→ SUPPLIED ENTRIES:
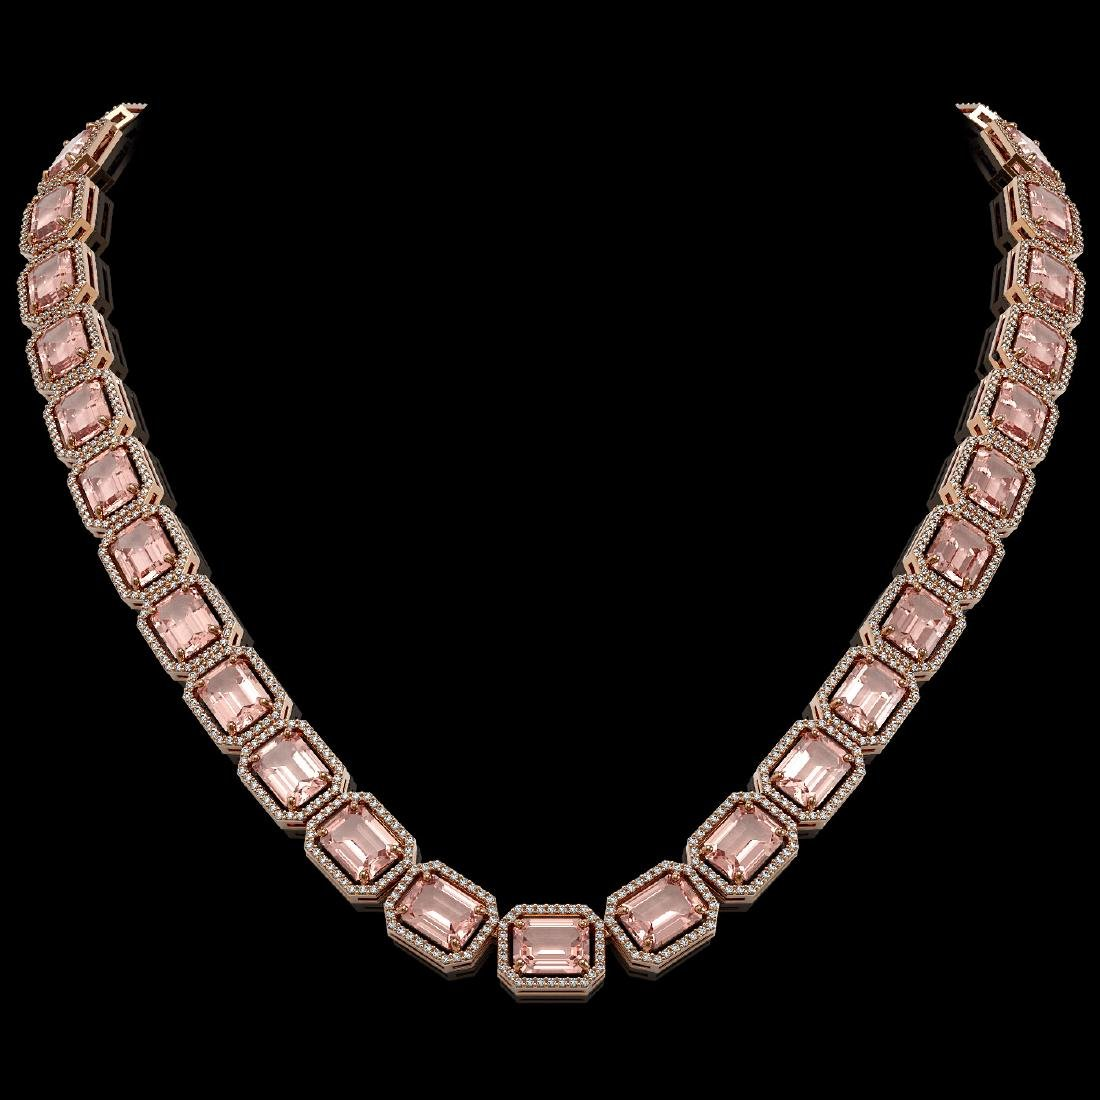 81.64 CTW Morganite & Diamond Halo Necklace 10K Rose
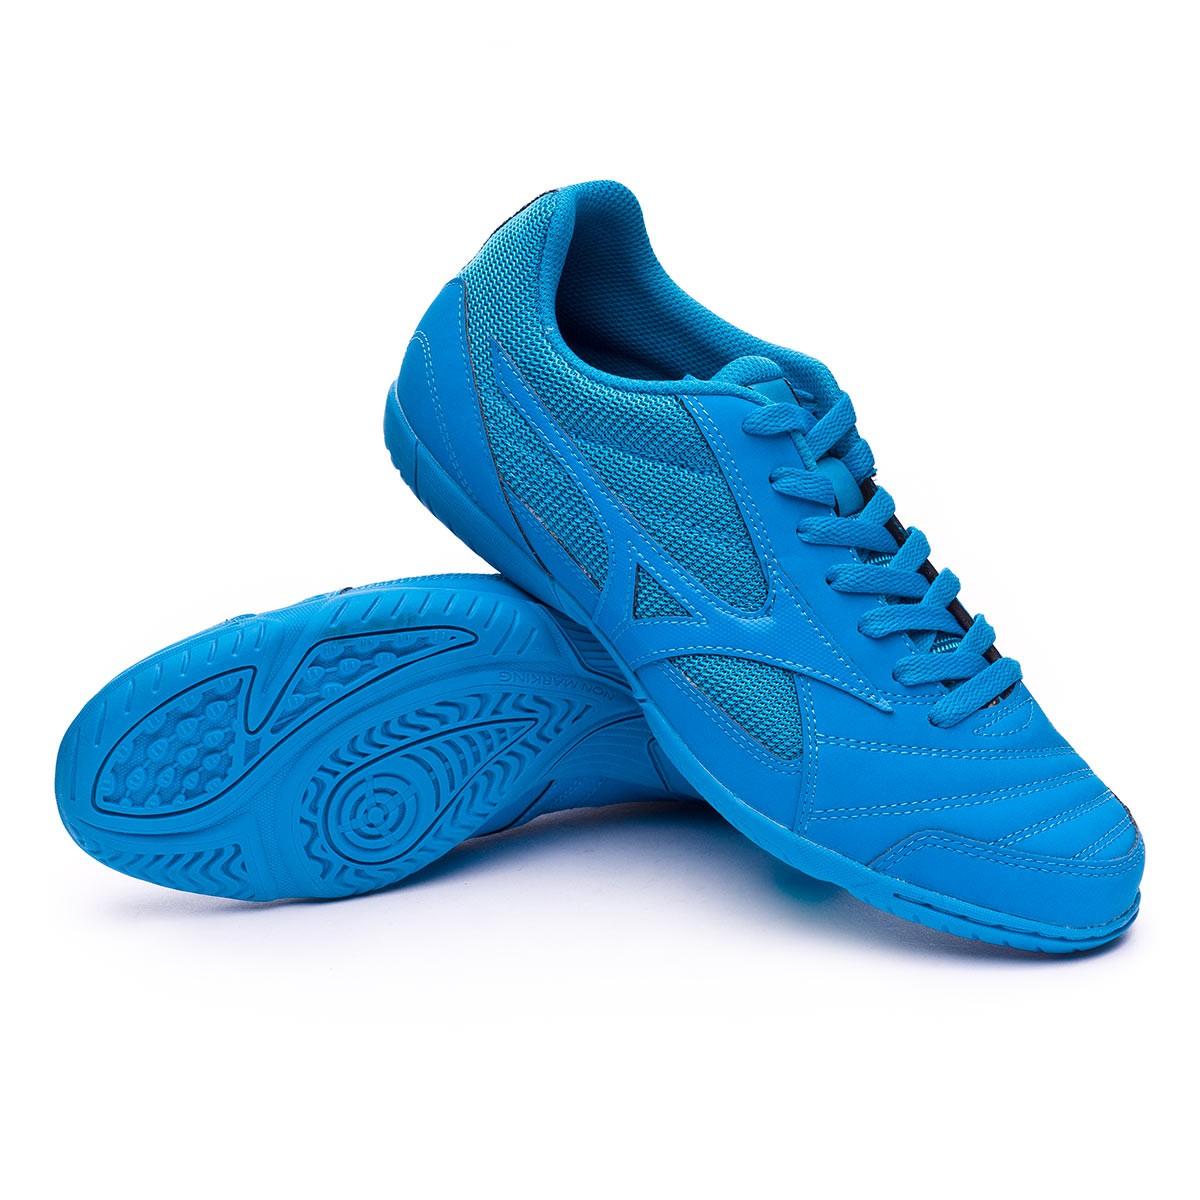 0b5a9b8578cc Futsal Boot Mizuno Sala Club 2 IN Blue jewel-Black - Football store Fútbol  Emotion
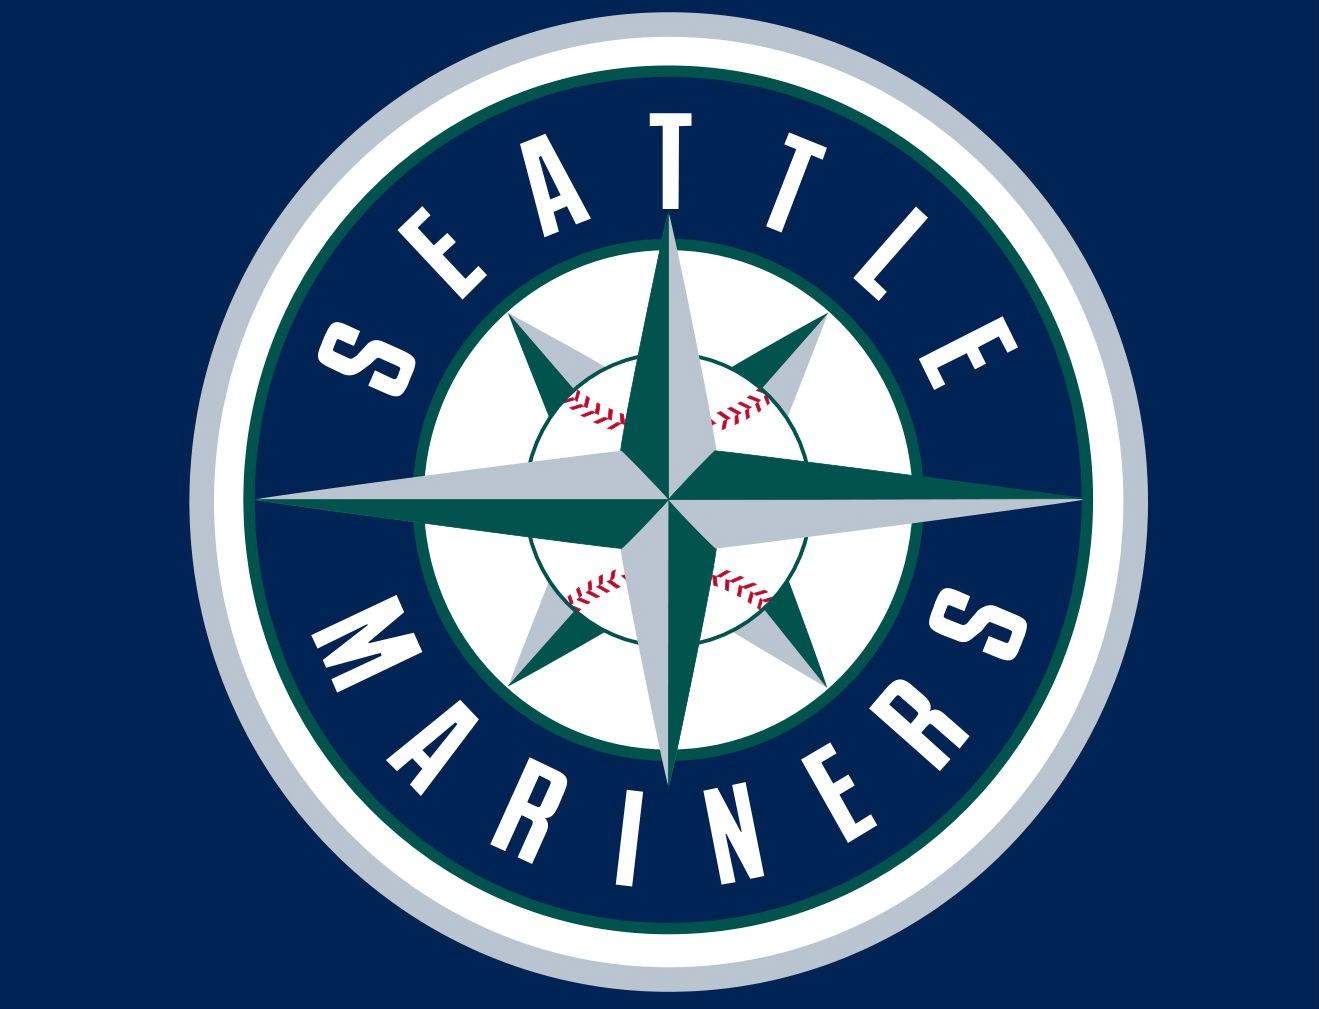 Mariners beat Twins 14-3.
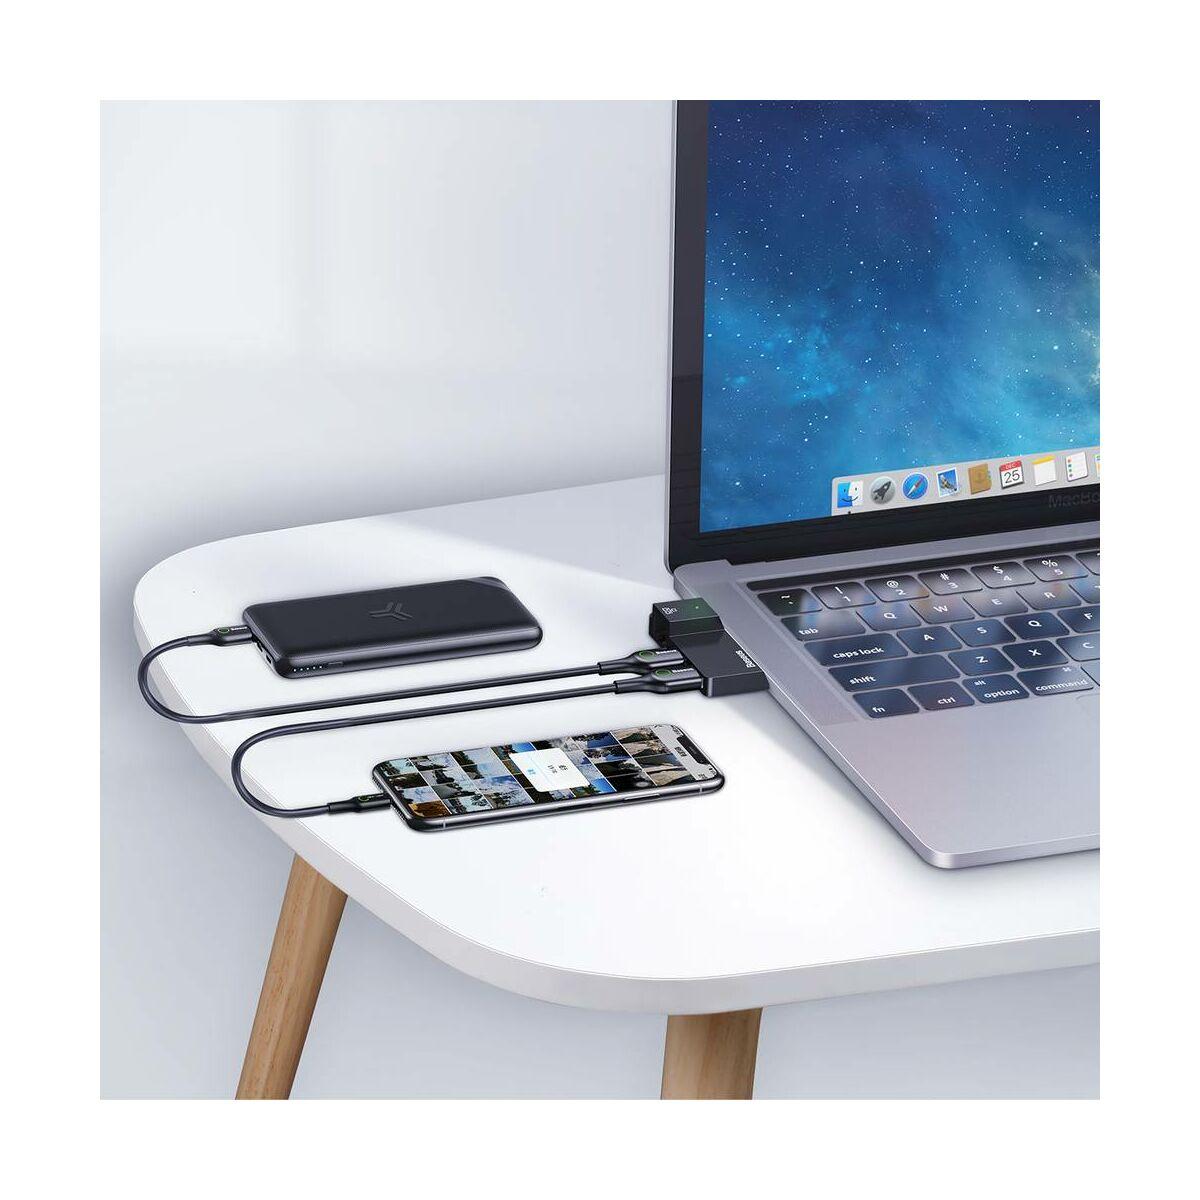 Baseus HUB, Multifunctional Surface Pro eszközhöz, (USB A to RJ45x1 + USB3.0x2), fekete (CAHUB-FP01)
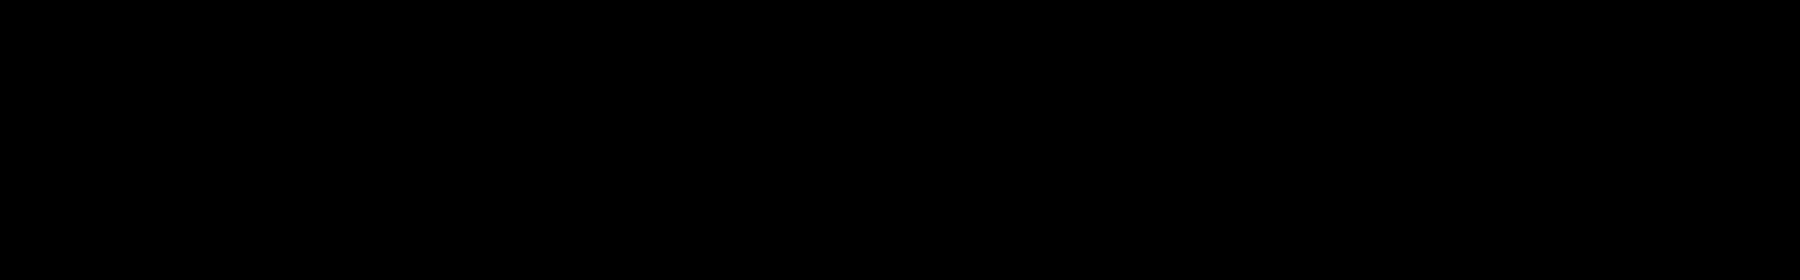 Psynation audio waveform

→ TASK REQUIREMENTS: Reproduce every record above exactly, but leave out the pictures.

→ SOLUTION TO THIS PROBLEM:
 81.64 CTW Morganite & Diamond Halo Necklace 10K Rose
 0b5a9b8578cc Futsal Boot Mizuno Sala Club 2 IN Blue jewel-Black - Football store Fútbol  Emotion
 Mariners beat Twins 14-3.
 Baseus HUB, Multifunctional Surface Pro eszközhöz, (USB A to RJ45x1 + USB3.0x2), fekete (CAHUB-FP01)
 Psynation audio waveform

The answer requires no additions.